In this case, we might want to "pass-through" the type of a...

Generics: TypeVar

Let's type this trivial function:

def f(x):
    return x

We need to "pass-through" the type of x.

Generics: TypeVar (Python 3.12+)

def f[T](x: T) -> T:
    return x

In Python 3.12, we could do it as shown. But that is not valid at runtime in older versions, since it's new syntax, and not only an annotation.
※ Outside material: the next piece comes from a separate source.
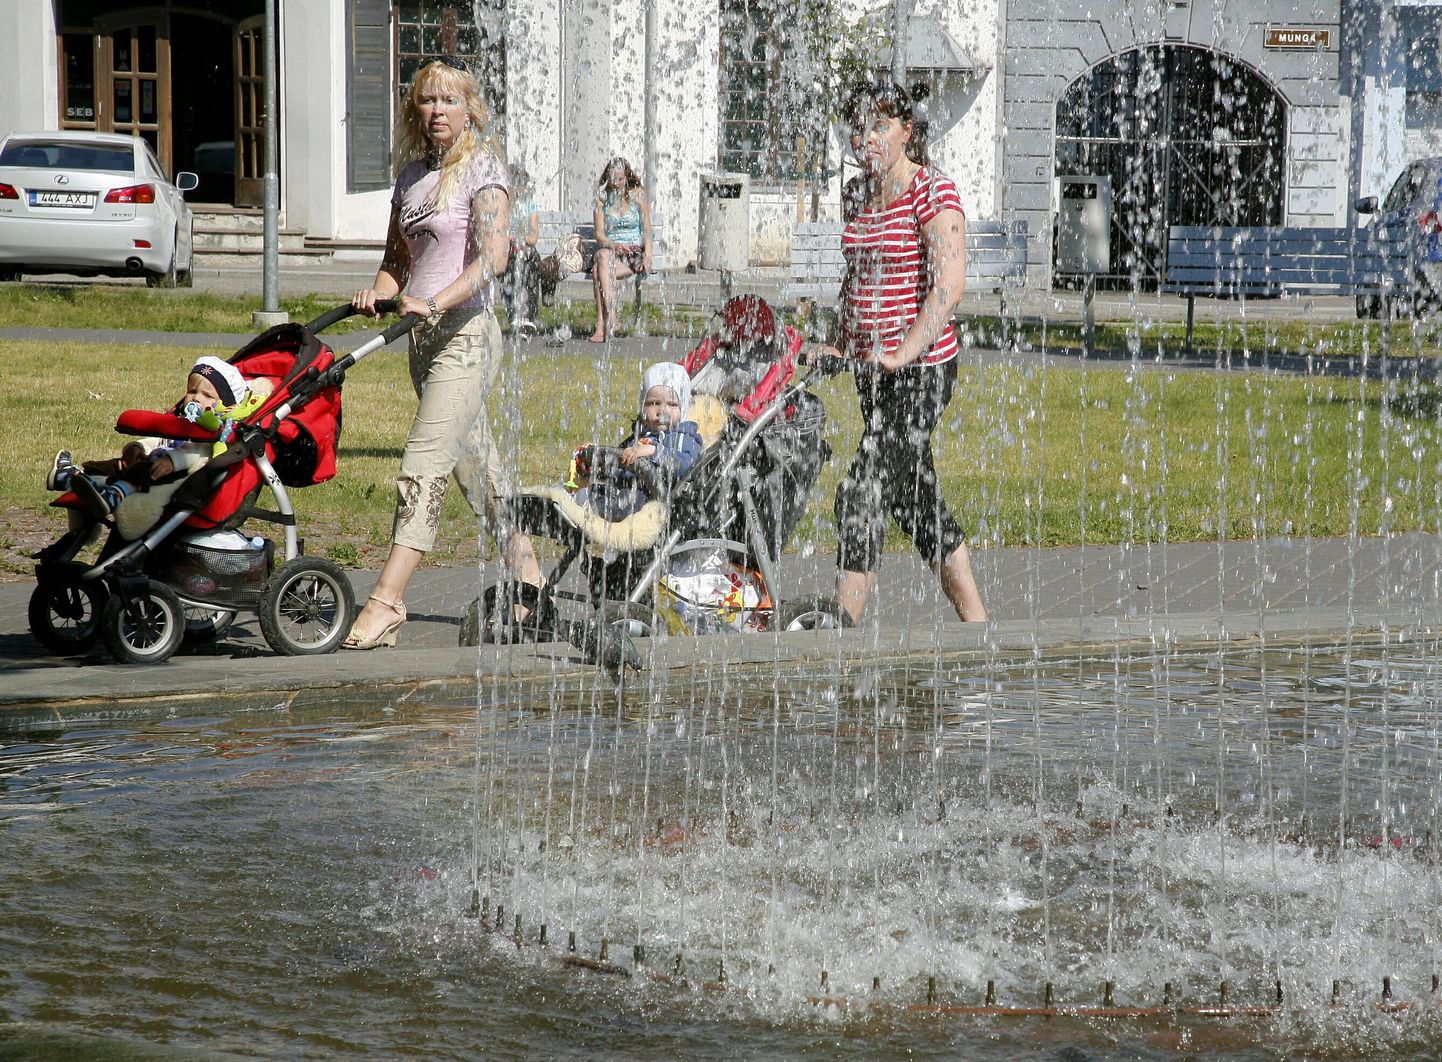 Lastekaitsepäeval toimub Pärnus järjekordne titekärude paraad. Pilt on illustratiivne.

This also handles covariance/contravariance for you!

Generics: TypeVar

T = typing.TypeVar("T")


def f(x: T) -> T:
    return x
  • TypeVar's must be used in the input of a function.
  • TypeVar can be inside another type
  • You can constrain TypeVar to certain types & subclasses (bound=)
  • Or just to specific types (positional arguments)
  • TypeVar's can be covariant, contravariant, or invariant (more later)

Type theory: Contravariant or Covariant

TL;DR: Do whatever the type checker tells you

                               A -> B -> C

Let's say the typevar is B. Accepting C would be covariant and A would be contravariant.

Unions/immutable collections are covariant. B | None would accept C. Lists (or anything mutable) are invariant.

Going further

Try mypyc; it can compile your Python, giving a 2-5x speedup on a fully typed codebase.